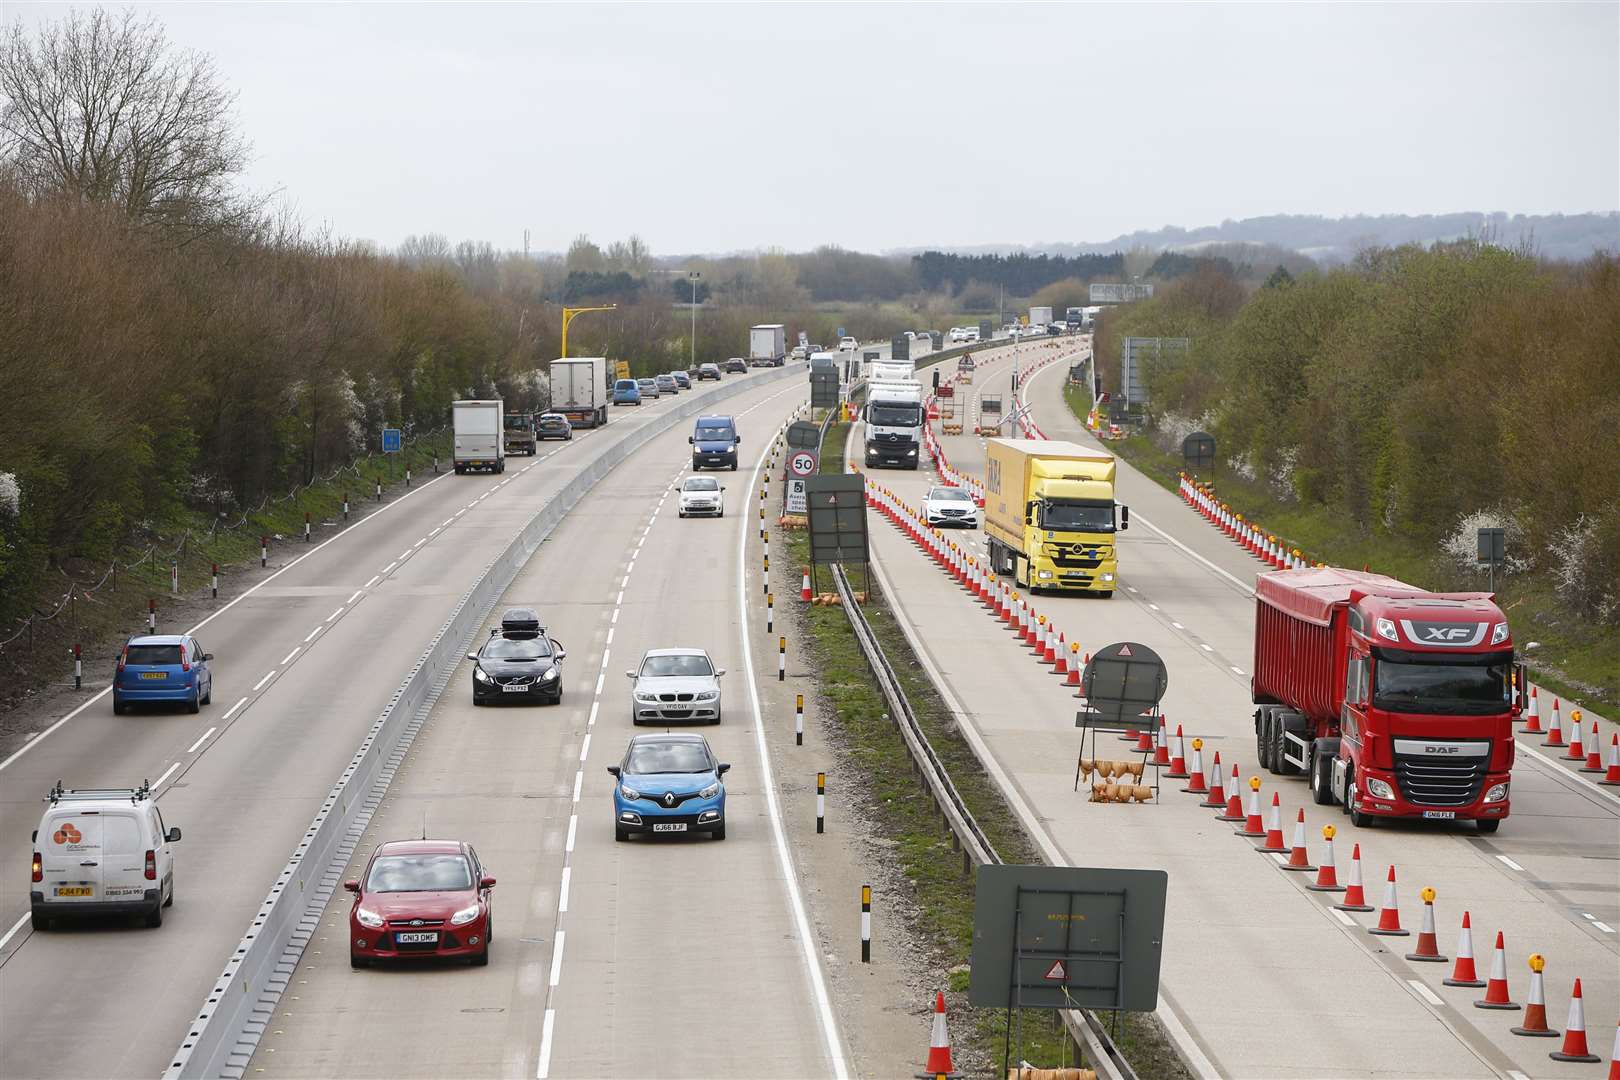 The Operation Brock contraflow on the M20 is to return
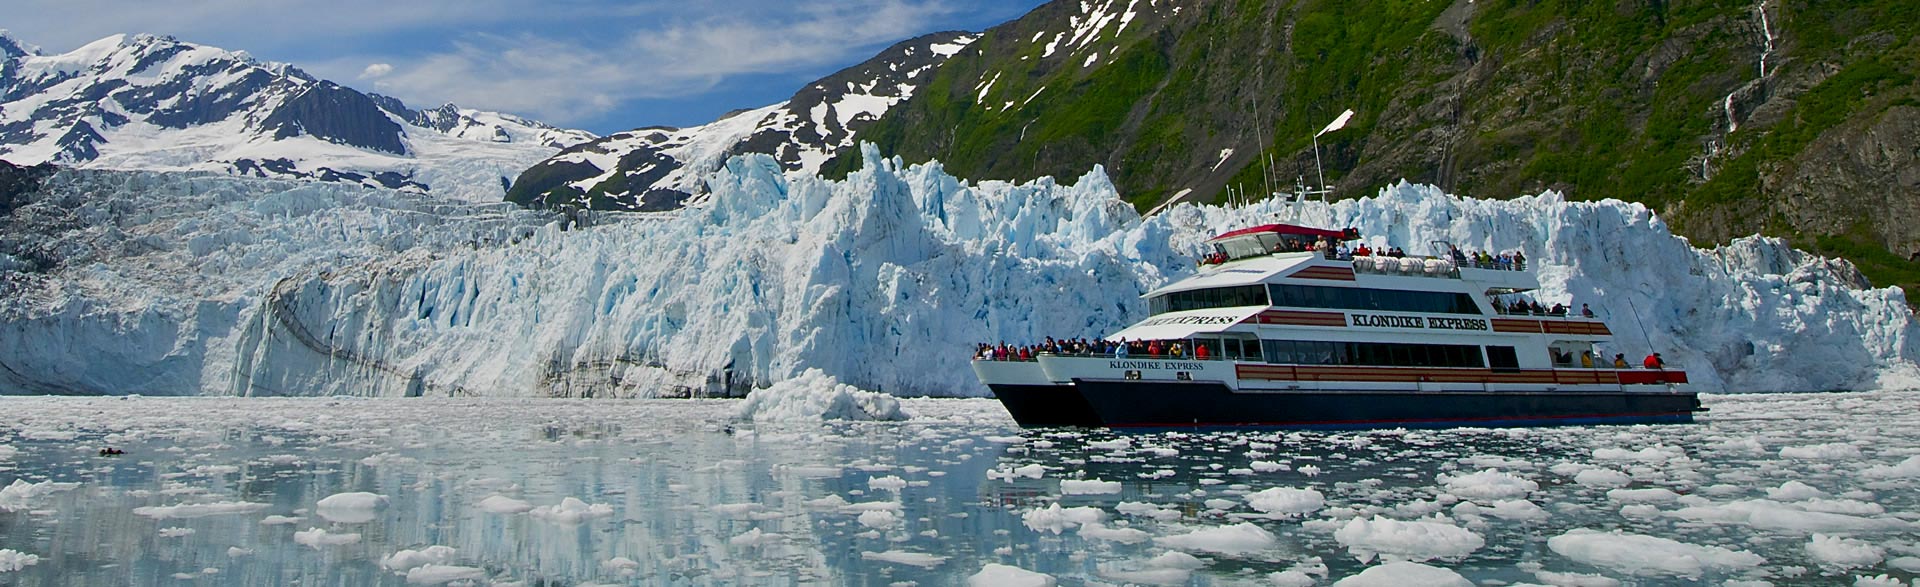 cruise out of whittier alaska
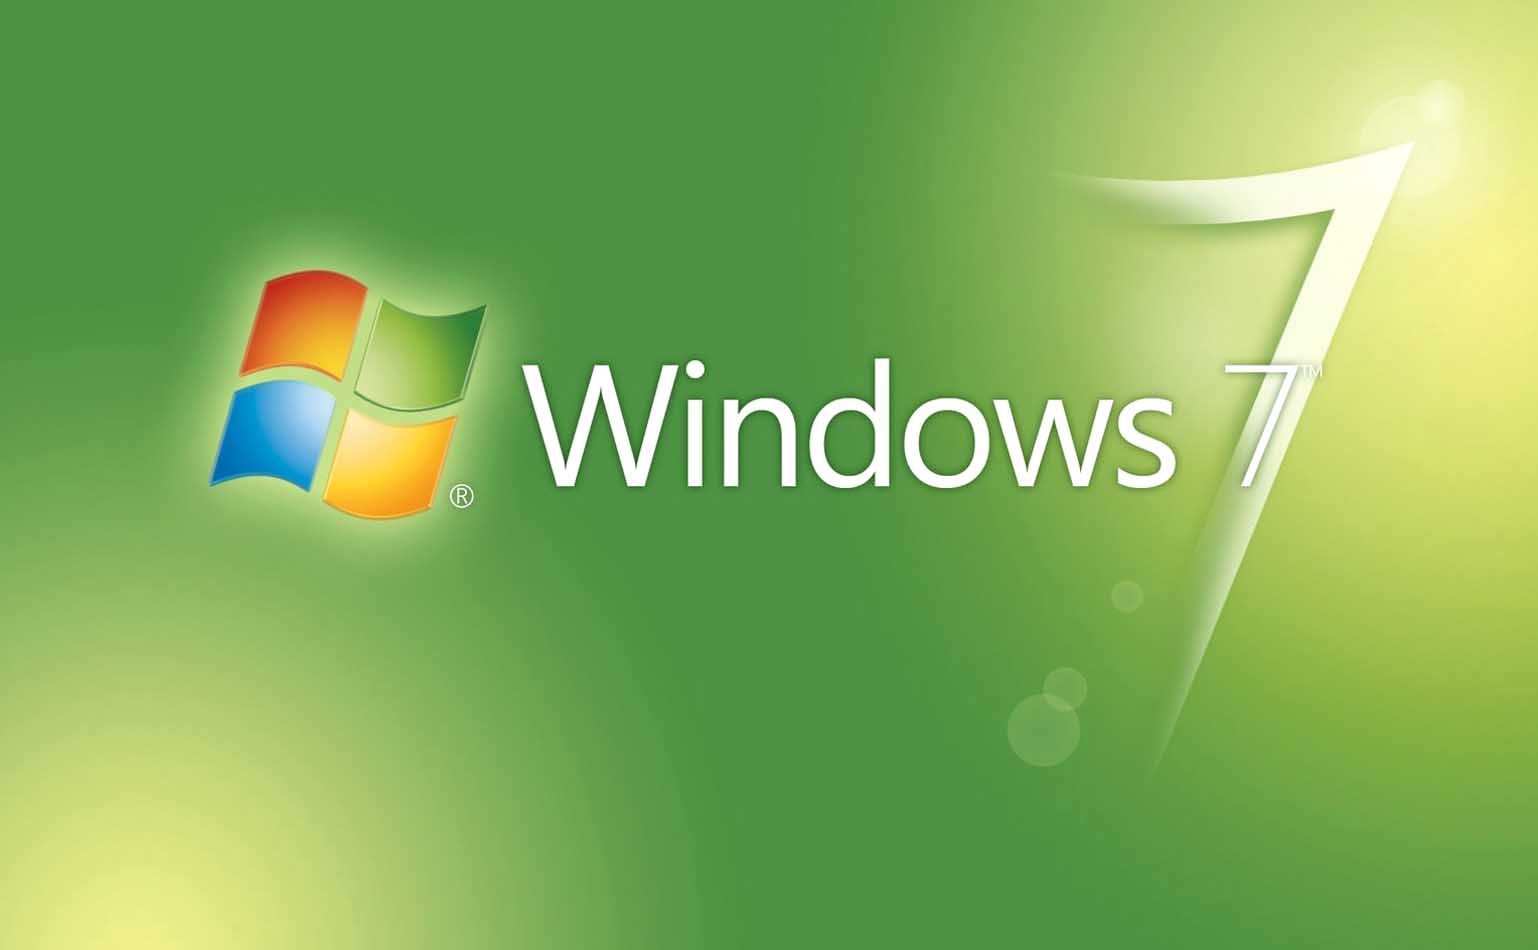 Windows 7 Ultimate Wallpapers Free Download Group - Laptop Wallpapers For Windows  7 Free Download - 1538x950 Wallpaper 
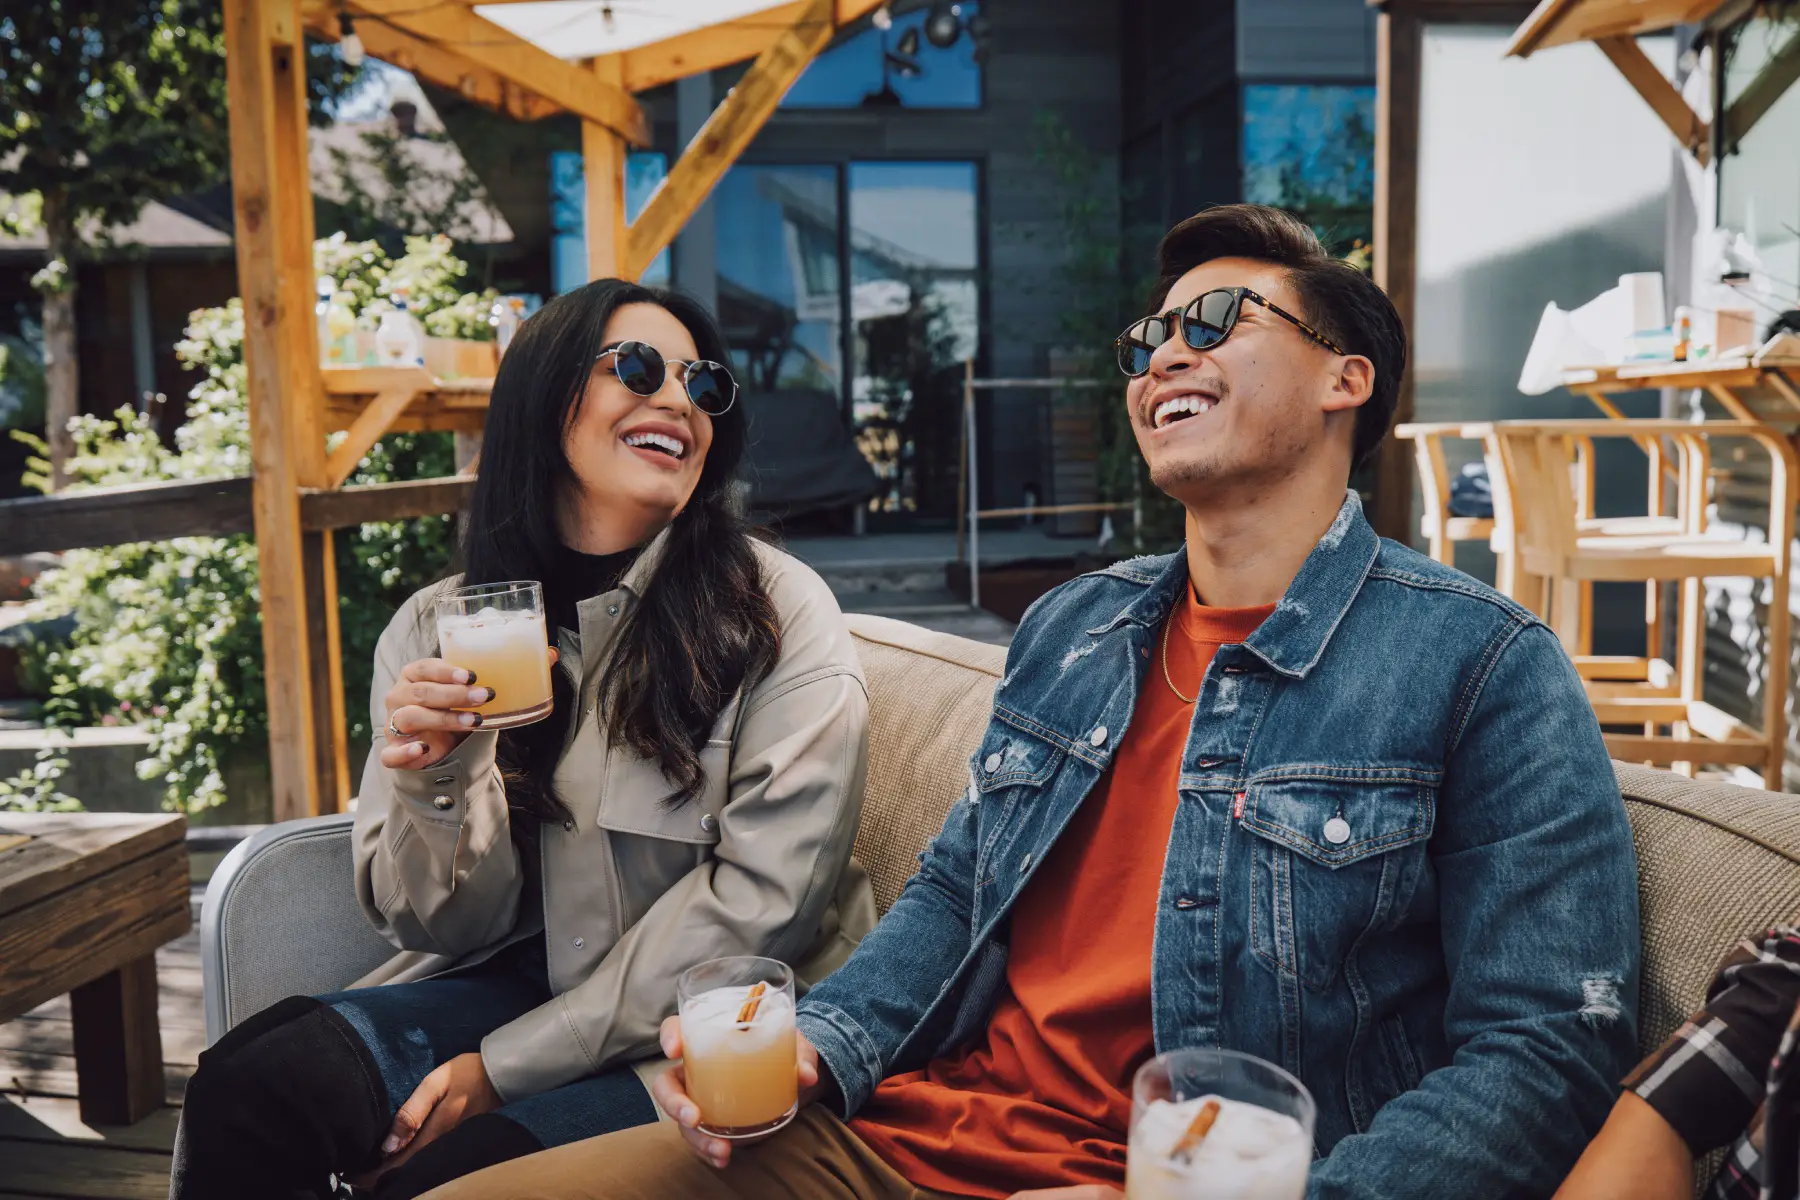 two single people (a man and woman) relaxing and laughing while enjoying a drink in a beer garden
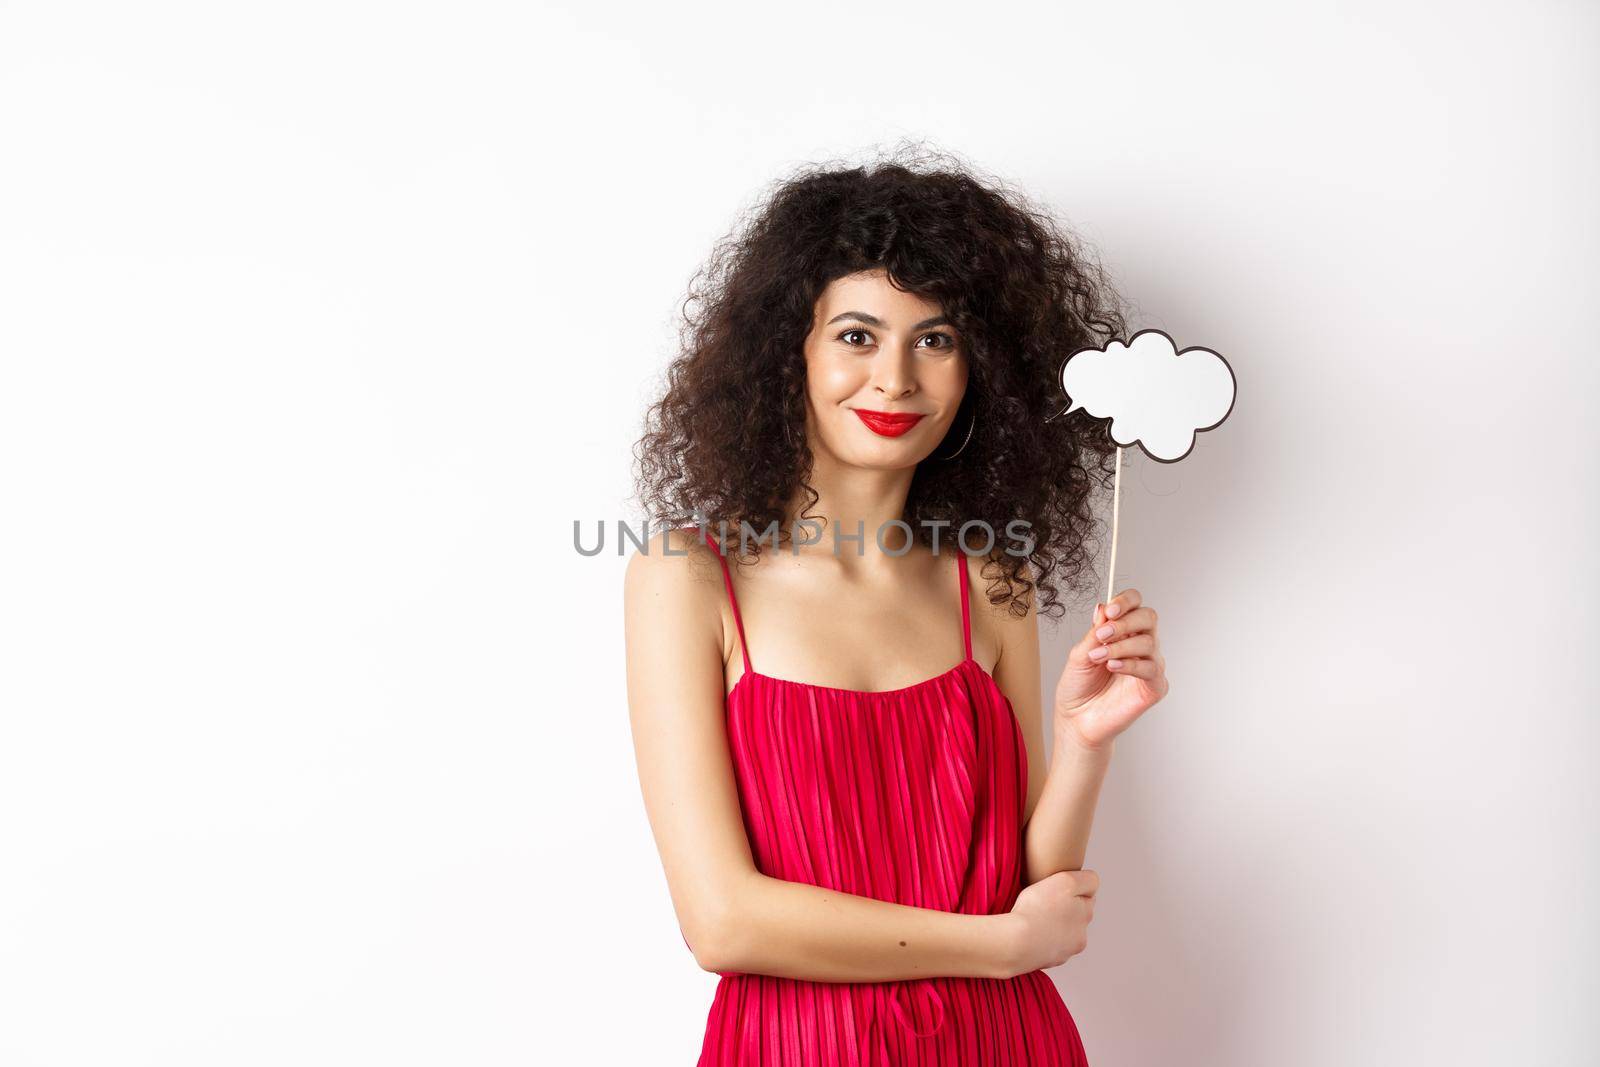 Elegant woman with curly hair, wearing red evening dress, holding cloud and smiling, standing on white background.

* * * * *

YOUR OBJECTIVE: Make an exact copy of the records from their first line through the line containing "Windows 7 Ultimate", both ends included, with the pictures omitted.

TASK ANSWER:
 The Operation Brock contraflow on the M20 is to return
 cruise out of whittier alaska
 Windows 7 Ultimate Wallpapers Free Download Group - Laptop Wallpapers For Windows  7 Free Download - 1538x950 Wallpaper 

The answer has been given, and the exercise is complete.